Impaired eukaryotic translation initiation factor 2B activity specifically in oligodendrocytes reproduces the pathology of vanishing white matter disease in mice.


PMID 25186761

Abstract

Vanishing white matter disease (VWMD) is an inherited autosomal-recessive hypomyelinating disease caused by mutations in eukaryotic translation initiation factor 2B (eIF2B). eIF2B mutations predominantly affect the brain white matter, and the characteristic features of VWMD pathology include myelin loss and foamy oligodendrocytes.

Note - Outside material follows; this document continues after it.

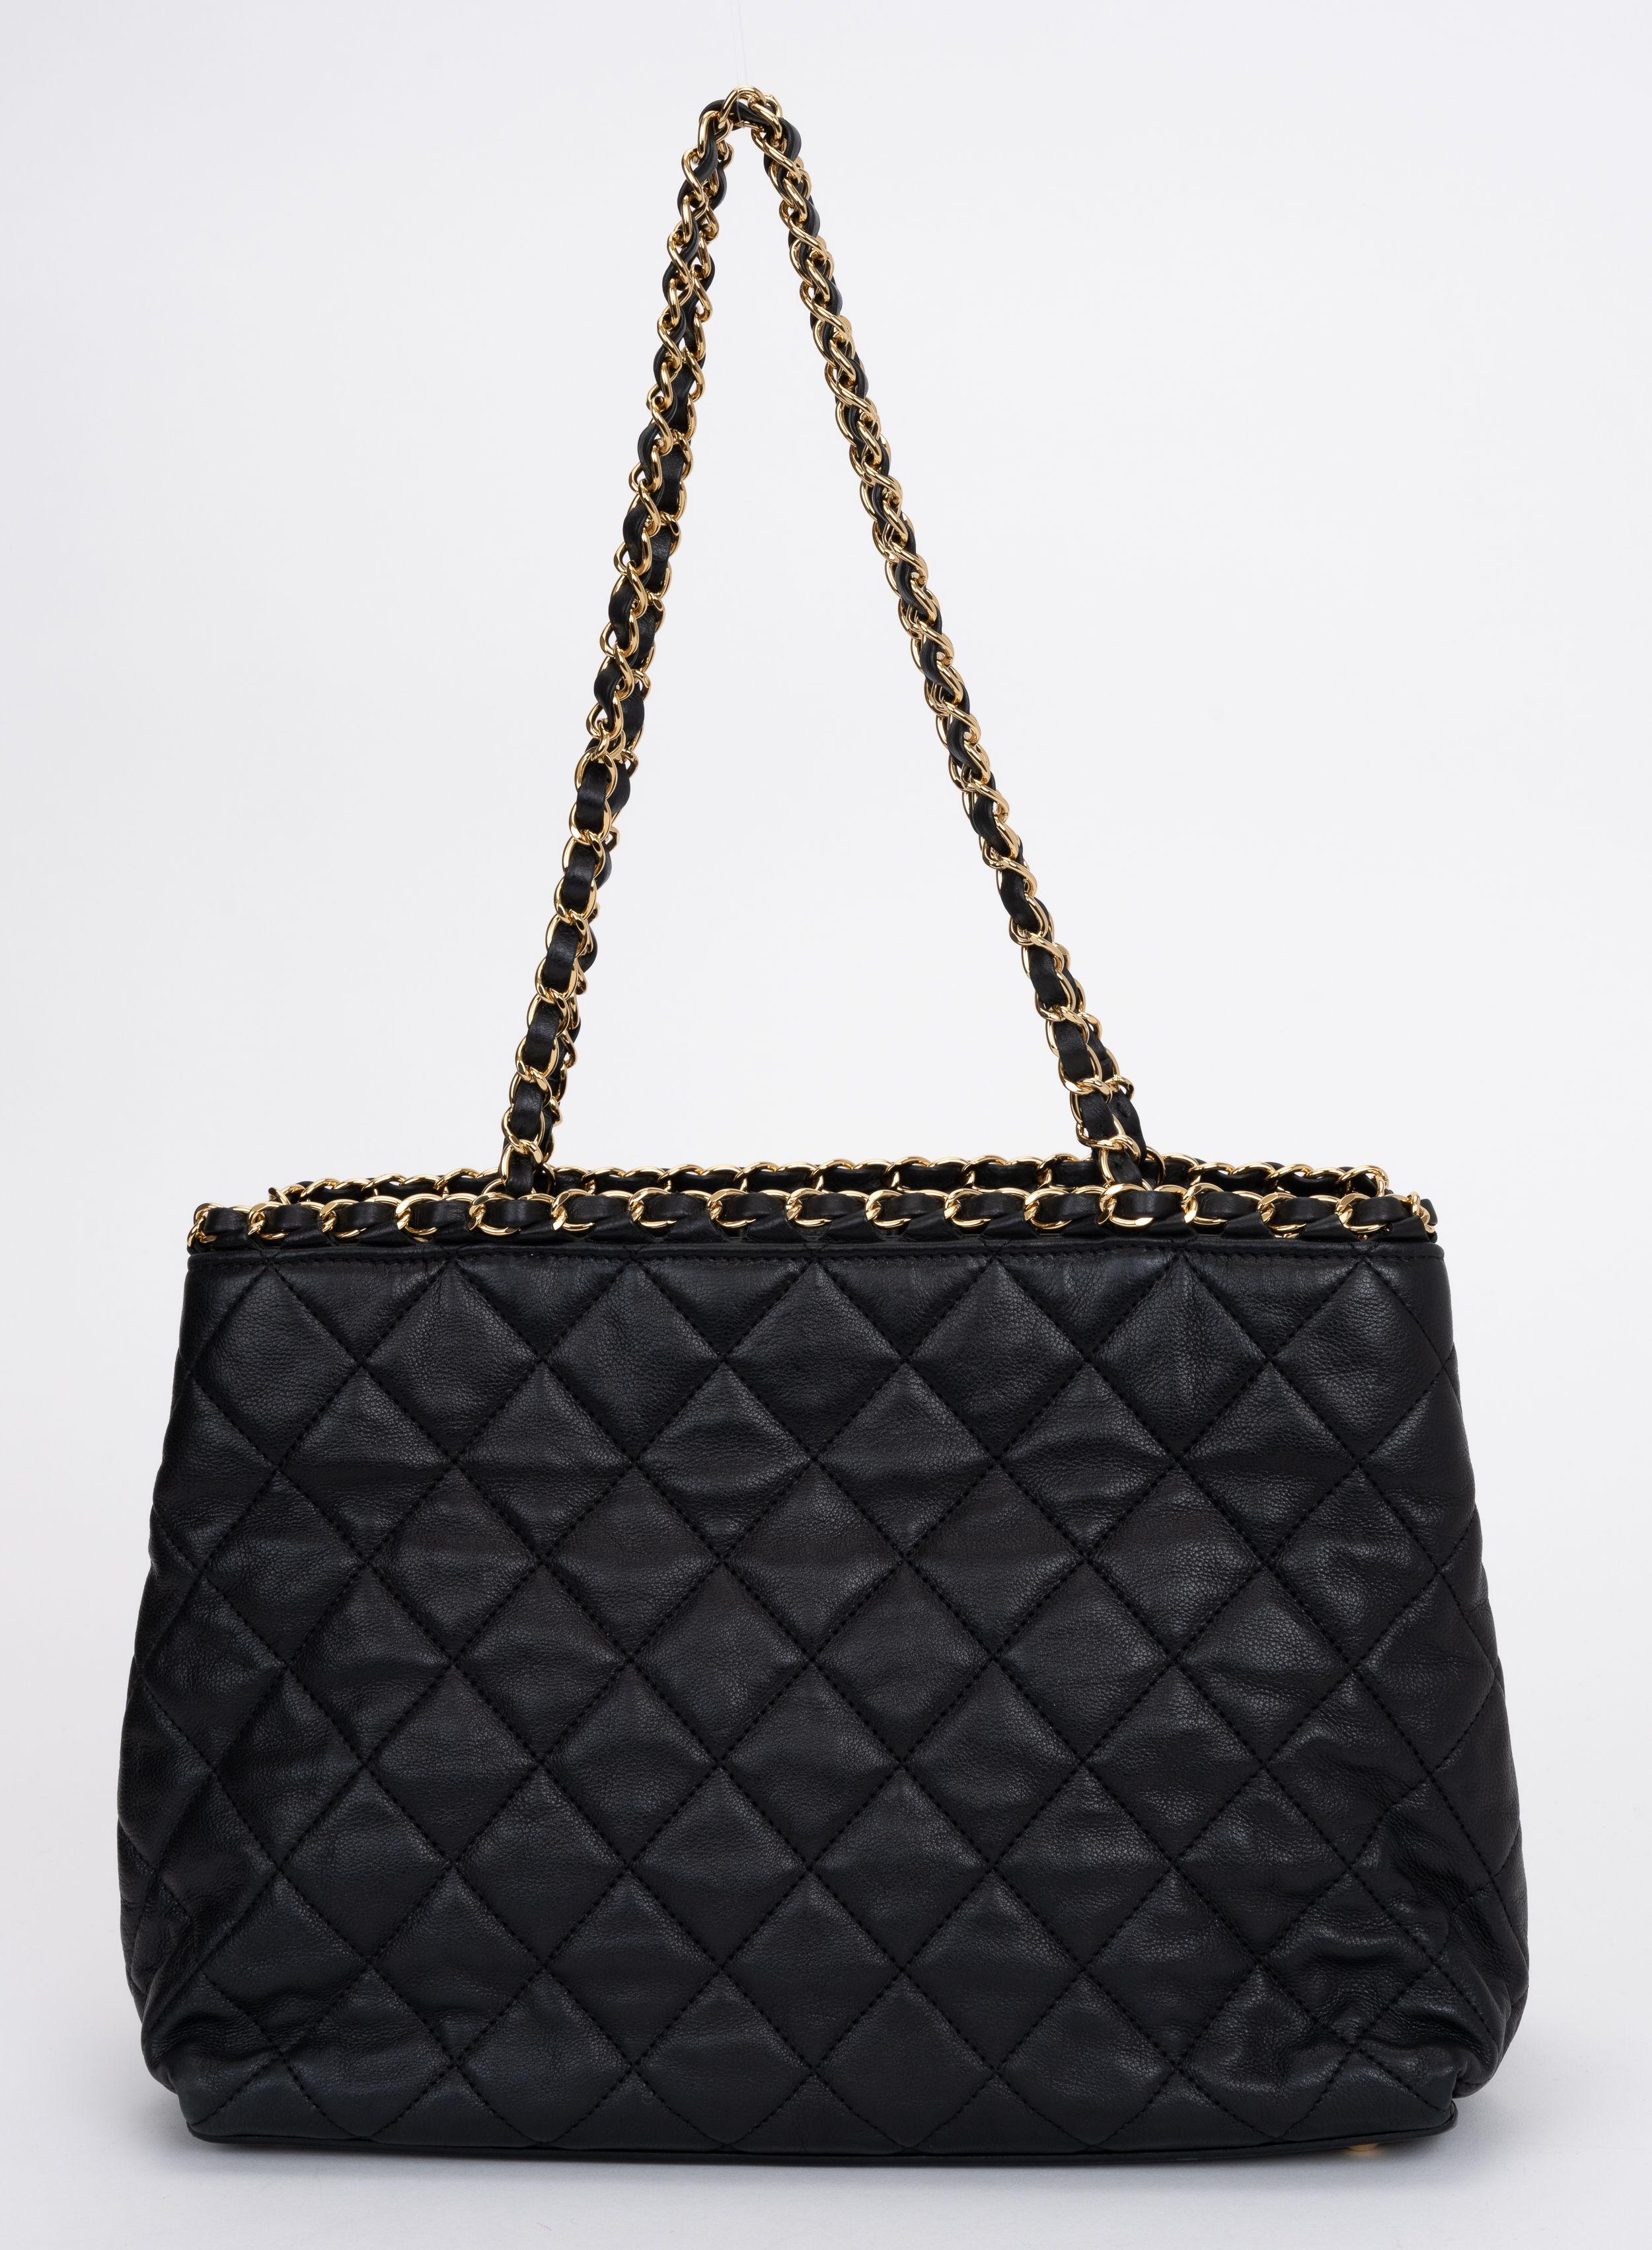 Women's Chanel Black Quilted Gold Chain Me Tote For Sale

Activation of pancreatic endoplasmic reticulum kinase (PERK) has been observed in oligodendrocytes in VWMD. PERK activation in response to endoplasmic reticulum stress attenuates eIF2B activity by phosphorylating eIF2α, suggesting that impaired eIF2B activity in oligodendrocytes induced by VWMD mutations or PERK activation exploit similar mechanisms to promote selective white matter pathology in VWMD. Using transgenic mice that allow for temporally controlled activation of PERK specifically in oligodendrocytes, we discovered that strong PERK activation in oligodendrocytes during development suppressed eIF2B activity and reproduced the characteristic features of VWMD in mice, including hypomyelinating phenotype, foamy oligodendrocytes, and myelin loss. Notably, impaired eIF2B activity induced by PERK activation in oligodendrocytes of fully myelinated adult mice had minimal effects on morphology or function. Our observations point to a cell-autonomous role of impaired eIF2B activity in myelinating oligodendrocytes in the pathogenesis of VWMD.